CREATE TABLE rate_limit_rules (
    id SERIAL PRIMARY KEY,
    name VARCHAR(100) NOT NULL,
    key_pattern VARCHAR(255) NOT NULL,  -- e.g., "user:{user_id}:endpoint:{path}"
    requests_limit INT NOT NULL,
    window_seconds INT NOT NULL,
    tier VARCHAR(50),  -- 'free', 'pro', 'enterprise'
    created_at TIMESTAMP DEFAULT NOW()
);

CREATE TABLE rate_limit_overrides (
    id SERIAL PRIMARY KEY,
    entity_type VARCHAR(50) NOT NULL,  -- 'user', 'organization', 'ip'
    entity_id VARCHAR(255) NOT NULL,
    requests_limit INT NOT NULL,
    window_seconds INT NOT NULL,
    expires_at TIMESTAMP,
    UNIQUE(entity_type, entity_id)
);

Always return standard rate limit headers so clients can self-regulate:

X-RateLimit-Limit: Maximum requests allowed
X-RateLimit-Remaining: Requests remaining in current window
X-RateLimit-Reset: Unix timestamp when the window resets
Retry-After: Seconds until the client should retry (on 429 responses)

Advanced Considerations

Production systems need multi-tier limits. A user might have 1000 requests per hour globally, but only 10 login attempts per minute and 100 requests per minute to expensive endpoints.

from dataclasses import dataclass
from typing import List, Optional
from fastapi import Request
from fastapi.responses import JSONResponse

@dataclass
class RateLimitRule:
    name: str
    limit: int
    window_seconds: int
    key_func: callable

class MultiTierRateLimiter:
    def __init__(self, redis_client, rules: List[RateLimitRule]):
        self.limiter = DistributedRateLimiter(redis_client)
        self.rules = rules
    
    async def check_limits(self, request: Request) -> Optional[JSONResponse]:
        for rule in self.rules:
            key = rule.key_func(request)
            allowed, remaining = self.limiter.is_allowed(
                key, rule.limit, rule.window_seconds * 1000
            )
            if not allowed:
                return JSONResponse(
                    status_code=429,
                    content={
                        "error": "Rate limit exceeded",
                        "limit_name": rule.name
                    },
                    headers={"Retry-After": str(rule.window_seconds)}
                )
        return None

# Usage
rules = [
    RateLimitRule(
        "global", 1000, 3600,
        lambda r: f"global:{r.state.user_id}"
    ),
    RateLimitRule(
        "endpoint", 100, 60,
        lambda r: f"endpoint:{r.state.user_id}:{r.url.path}"
    ),
]

Implement exponential backoff in your clients. When receiving 429 responses, wait for the Retry-After duration, then add jitter to prevent thundering herds.

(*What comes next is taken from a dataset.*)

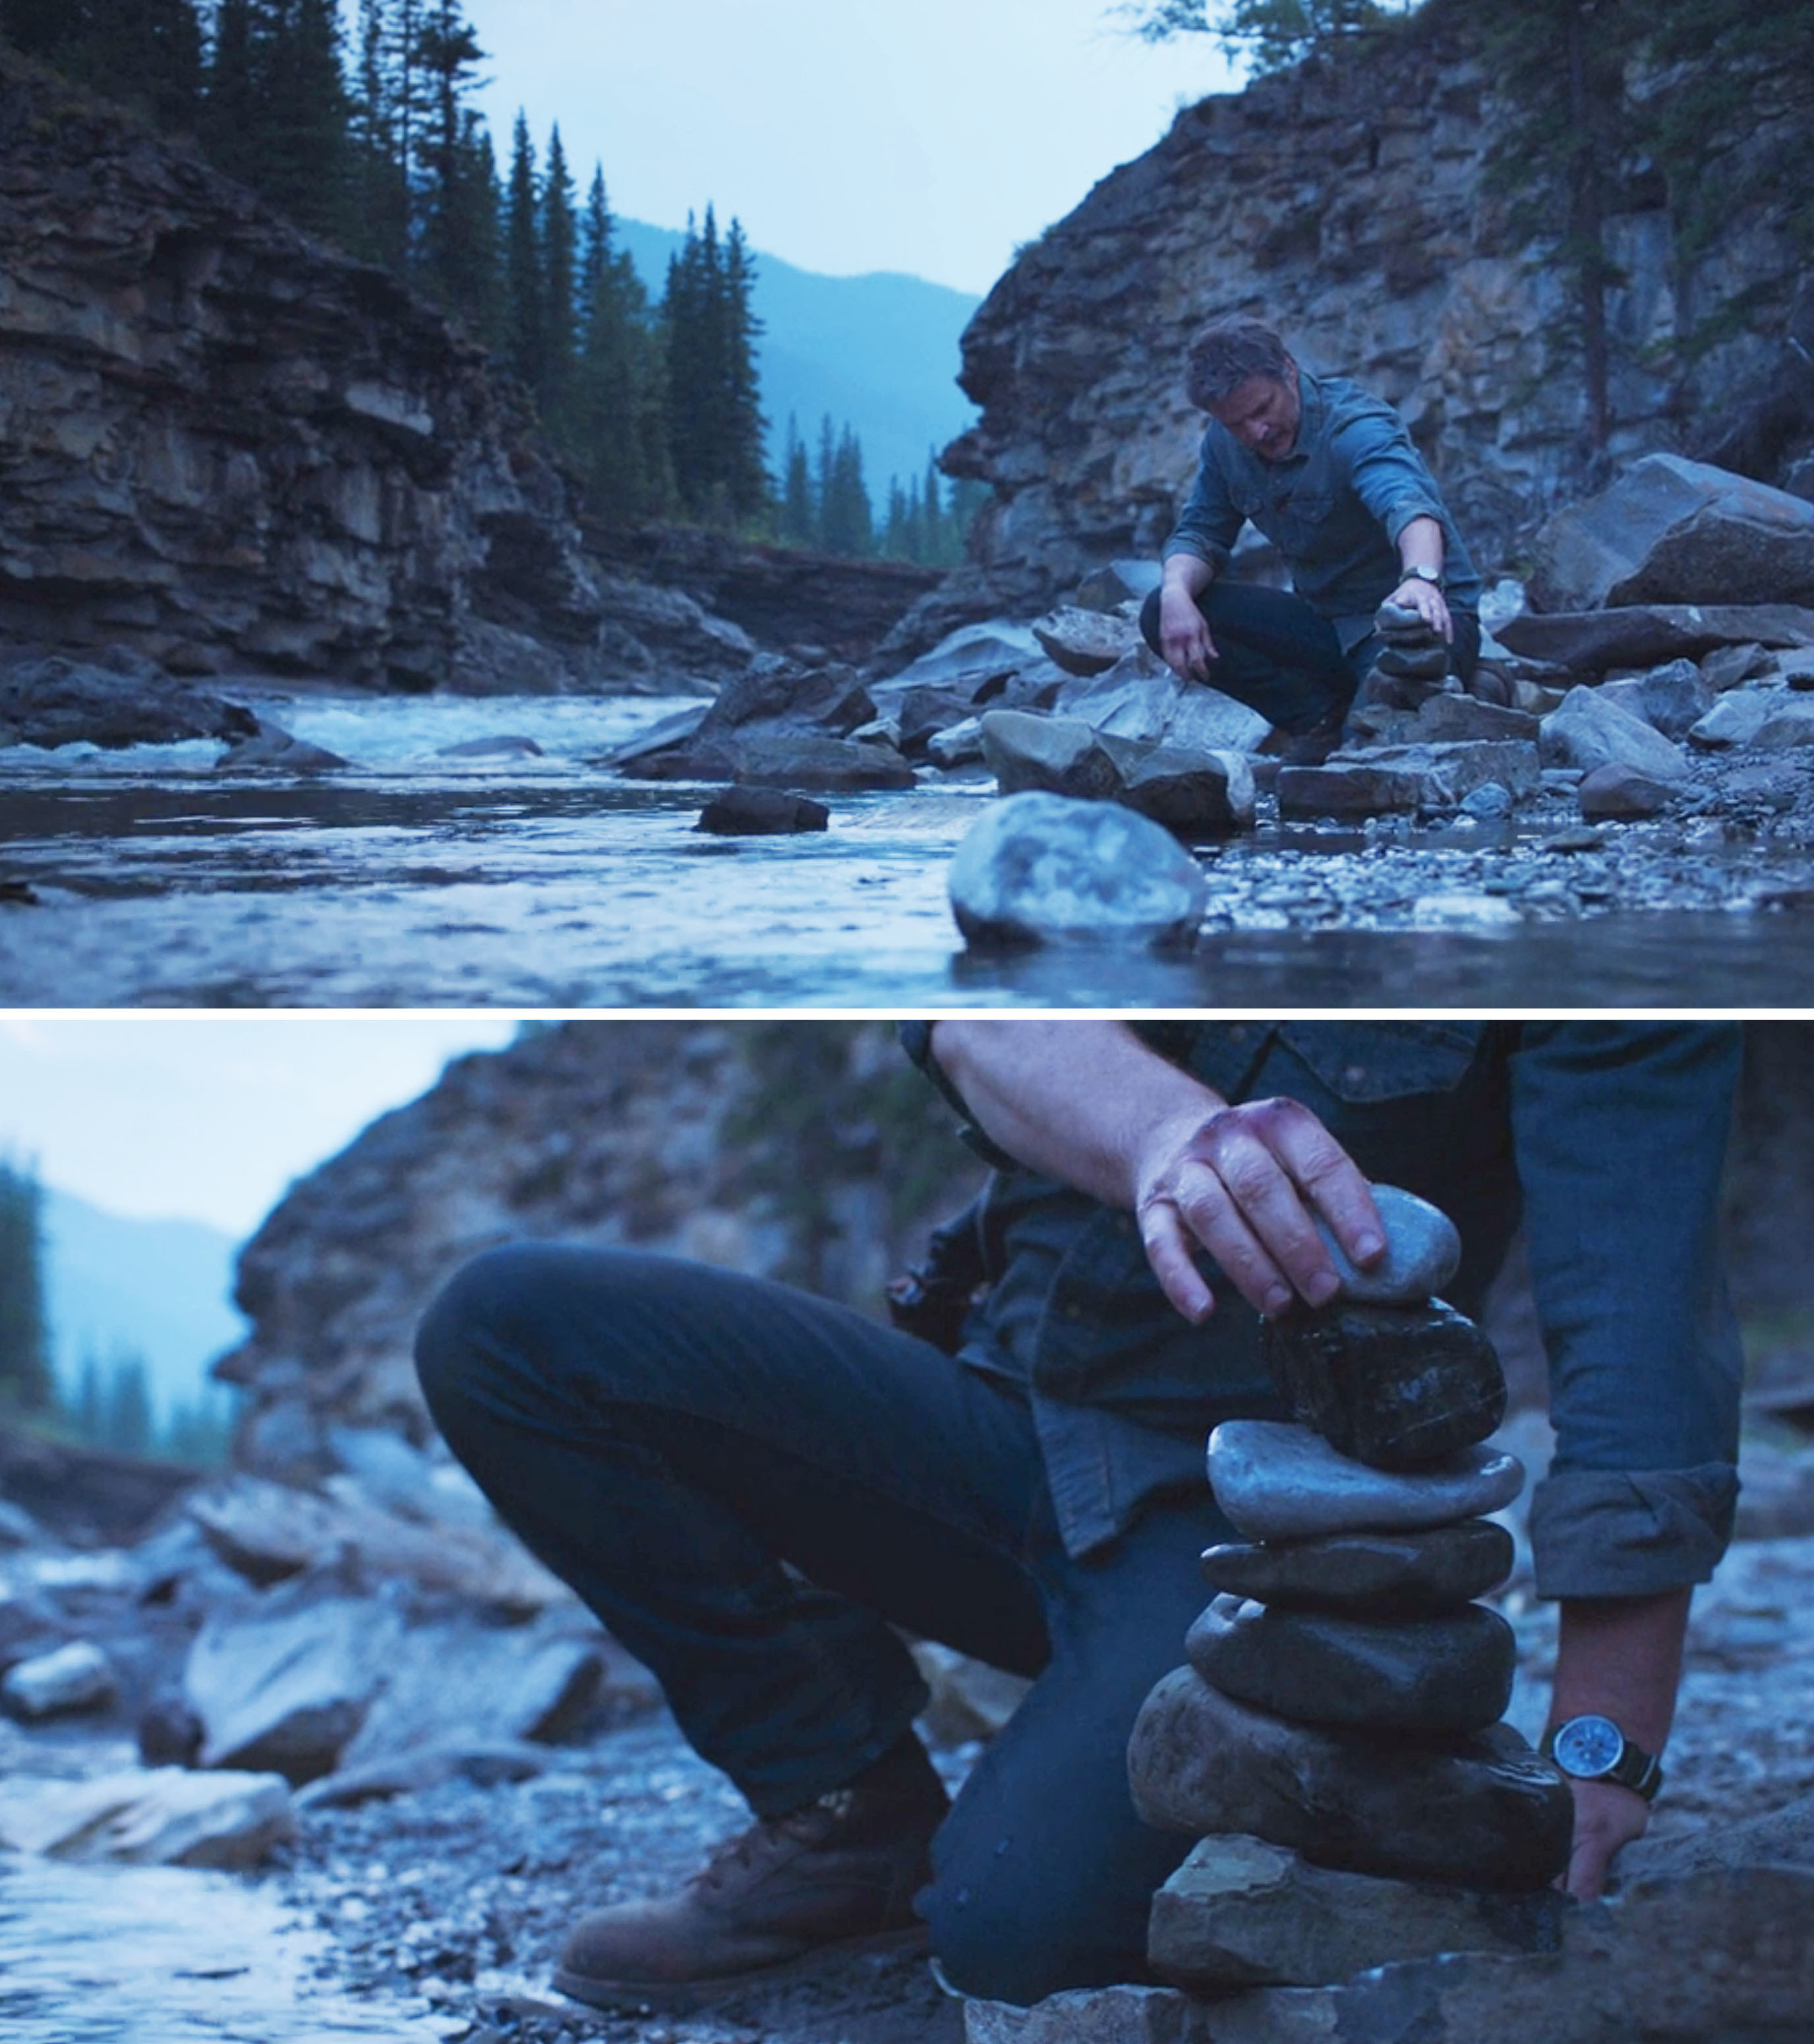 Joel stacking rocks on the bank of a river

Monitor rate limit metrics: rejection rates by endpoint, users hitting limits frequently (potential abuse or undersized limits), and latency impact of your rate limiting layer.

Summary and Production Checklist

Algorithm Selection:

Token bucket for APIs where burst tolerance improves user experience
Sliding window counter for strict, accurate enforcement
Fixed window only for simple, non-critical use cases

Implementation Checklist:

Use Redis Lua scripts for atomic distributed operations
Implement local fallback for Redis failures
Return standard rate limit headers on all responses
Log rate limit violations for security analysis
Configure alerts for unusual rejection patterns
Test behavior under Redis latency and failures

Production Libraries:

Node.js: rate-limiter-flexible (excellent Redis support)
Java: Guava RateLimiter, Resilience4j
Python: limits, slowapi for FastAPI
Go: golang.org/x/time/rate, go-redis/redis_rate

Start with conservative limits and adjust based on actual usage patterns. It’s easier to increase limits than to deal with the fallout from an overloaded system.